(The data)
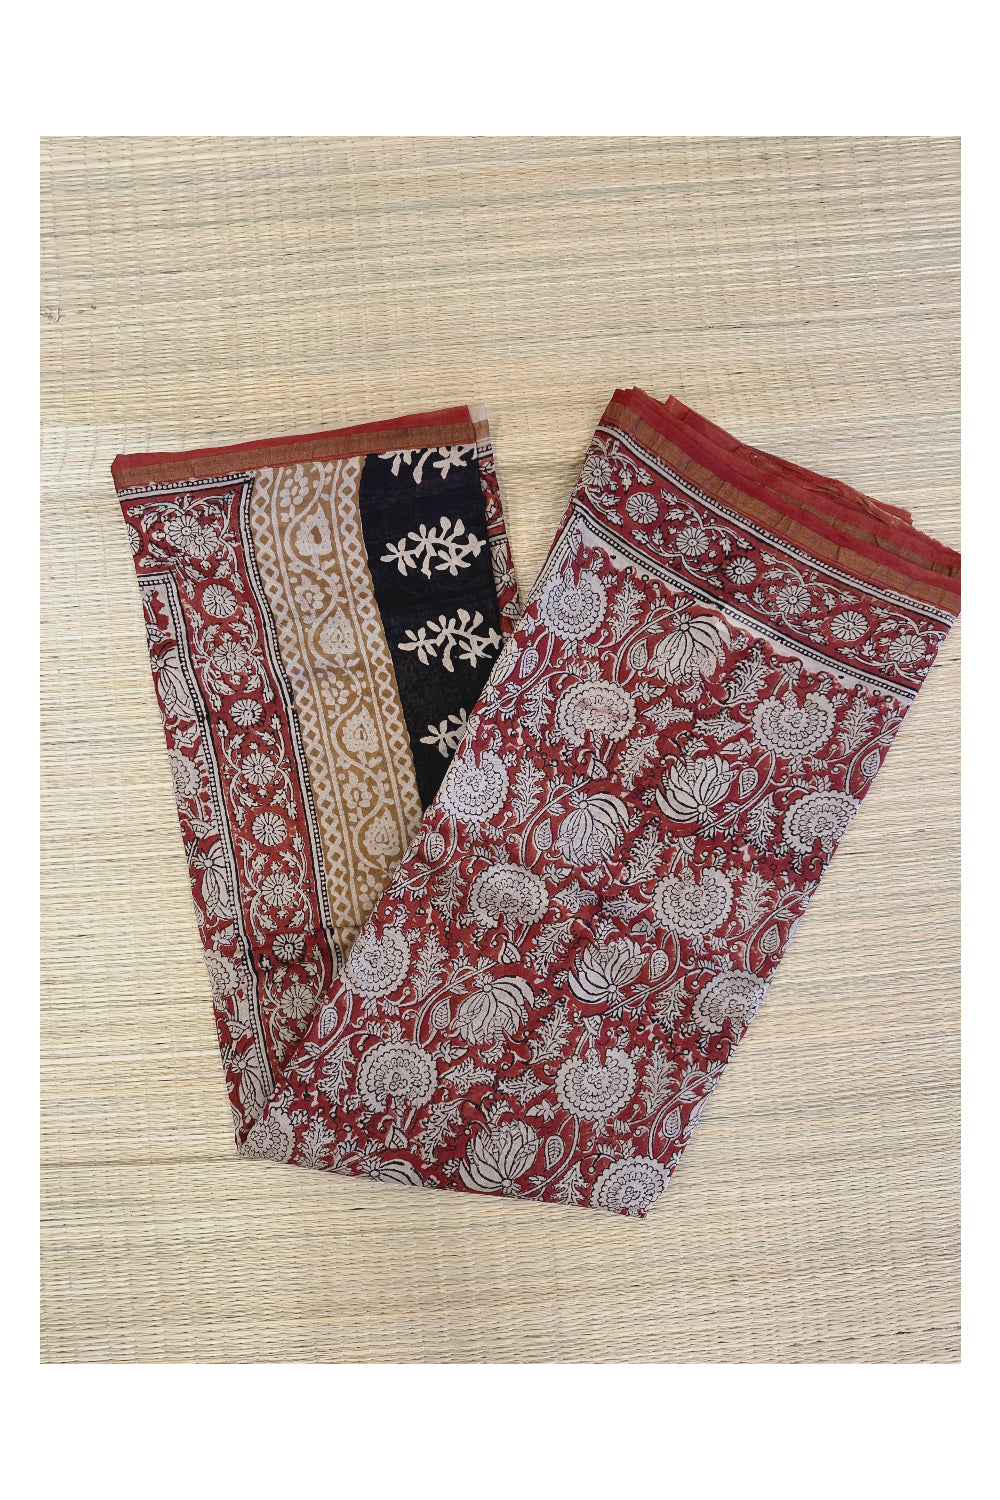 Southloom Chanderi Saree with Jaipur Hand Block Prints Across Body (Printed Blouse)
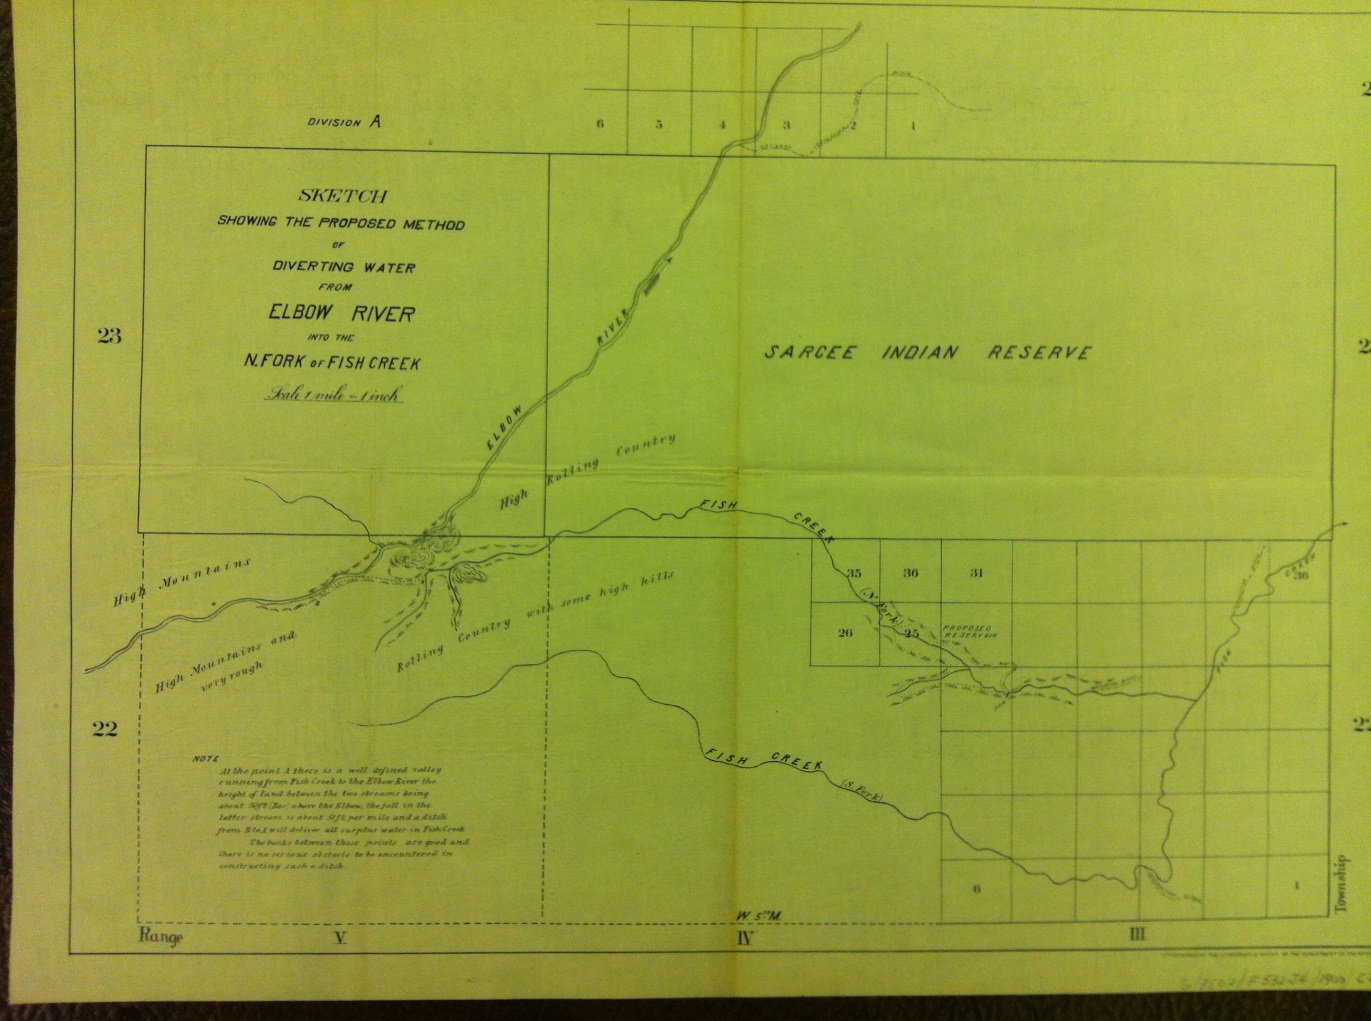 Proposed Method of Diverting Water from the Elbow River to North Fish Creek (Department of Interior, 1900)
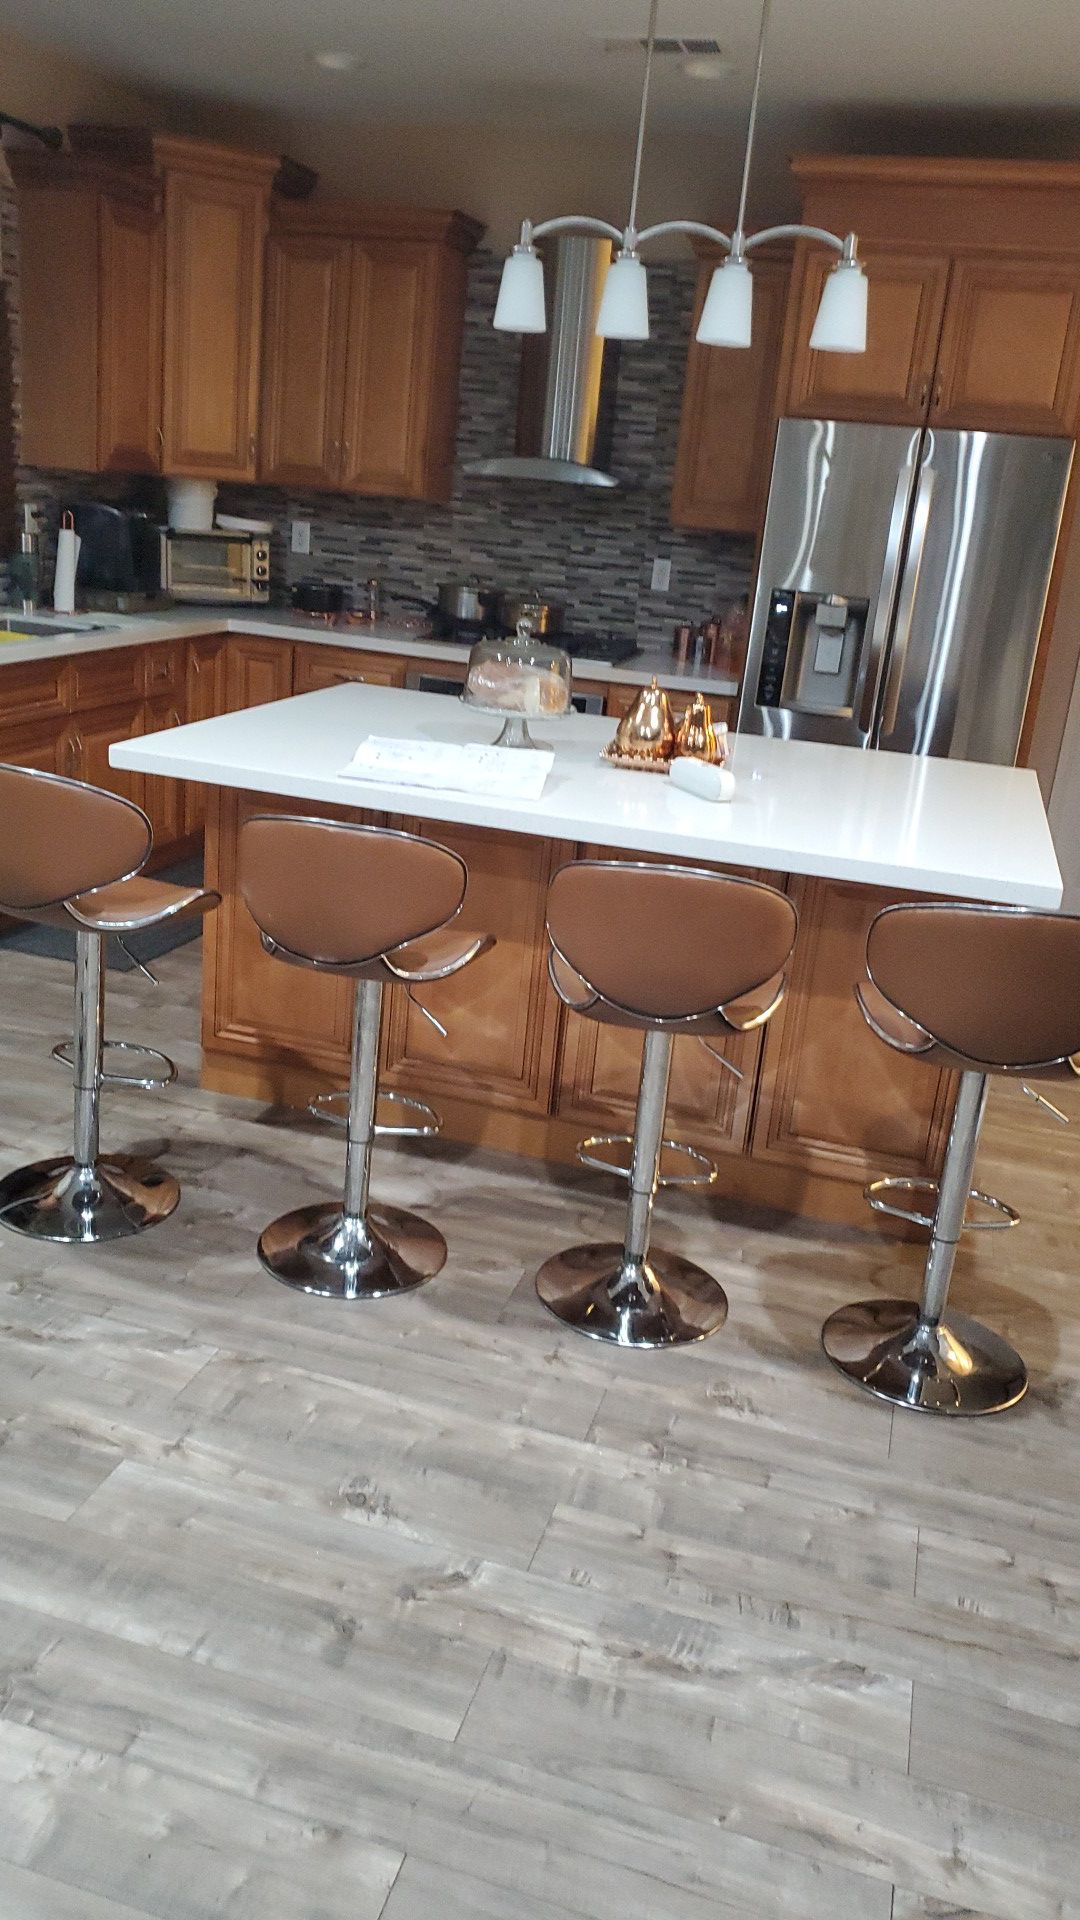 4 stools chairs good condition high adjustable

(Assignment)
Leave out the pictures and give the rest of the material again, unaltered.

(Task result)
 Southloom Chanderi Saree with Jaipur Hand Block Prints Across Body (Printed Blouse)
 Proposed Method of Diverting Water from the Elbow River to North Fish Creek (Department of Interior, 1900)
 4 stools chairs good condition high adjustable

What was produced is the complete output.